On the whole, Clampett’s style of animation is commonly more extreme and less restricted than Tashlin’s. Such comparisons to the style of other Warners directors helps pinpoint what is both distinctive and generic about Clampett’s work. In many ways, Clampett was often the least successful storyteller at Warners, creating manic and uneven worlds that might only be intermittently entertaining or where “gags are so close to being irrelevant” (21). As Klein suggests, this has much to do with the kind of unworldly space that Clampett creates:

The space in Clampett-land is very identifiable, different than Tashlin – the long crane shots and cinematic cuts; different than Avery, who emphasized the edges of the frame (flat versus deep). Clampett’s “eye-view” is more like a staged set, perhaps even shallower, and hovers very much at the ground level, like a wacky set of roads made for stretching around corners. Clampett characters and objects have a peculiar elasticity: they stretch and snap quickly into position; like spring-loaded caterpillars (22).

Thus, Clampett’s space is purpose-built to express and contain the characters; its backgrounds are less cluttered and more abstracted than is common in Warners’ cartoons of this period.

A gangster bunny in Tortoise wins by a Hare

After his departure from Warners in 1945, Clampett initially took over as creative head of production at the newly formed Columbia Cartoons.
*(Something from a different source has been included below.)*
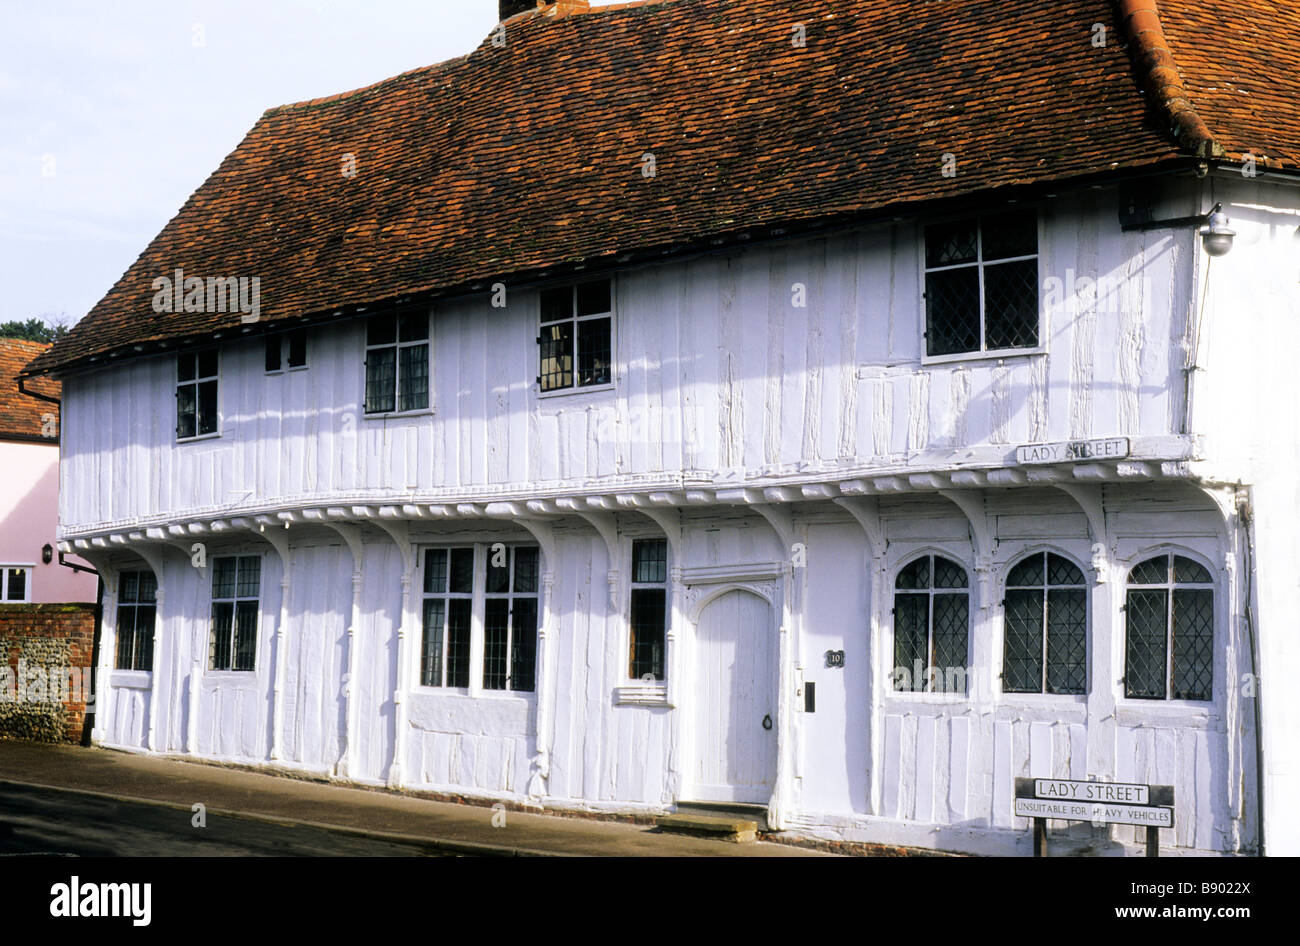 Lime washed timbered house Lady Street Lavenham charm quaint charming old English domestic architecture white Tudor - Stock Image

Warners itself moved onto its next era, consolidating its emphasis on character animation, narrative form and a trusty star system. Whereas the period of Clampett’s best work is partly defined by experimentation, constant shifts in personnel, and the relative “moral” and “sexual” freedom of the war years, the ten years following his departure from Warners witnesses the consolidation of animation units (clustered around only three directors – Jones, Freleng and McKimson – after Arthur Davis’ brief tenure in charge of Clampett’s unit), formats and characters. In the first half of the 1940s, Bugs Bunny’s character, and even animation, varied quite widely between the different directors and animators. Despite his visual consolidation in Clampett’s cartoons (and the importance of Robert McKimson’s model sheets of 1940 and 1943), Bugs’ broader character takes his “proper” shape and sensibility from the work of Jones, Freleng and Tashlin during this period. The laconic bunny was widely experimented on in the early 1940s, and took on a decidedly misanthropic edge in such Clampett cartoons as Tortoise wins by a Hare and The Old Grey Hare (1944).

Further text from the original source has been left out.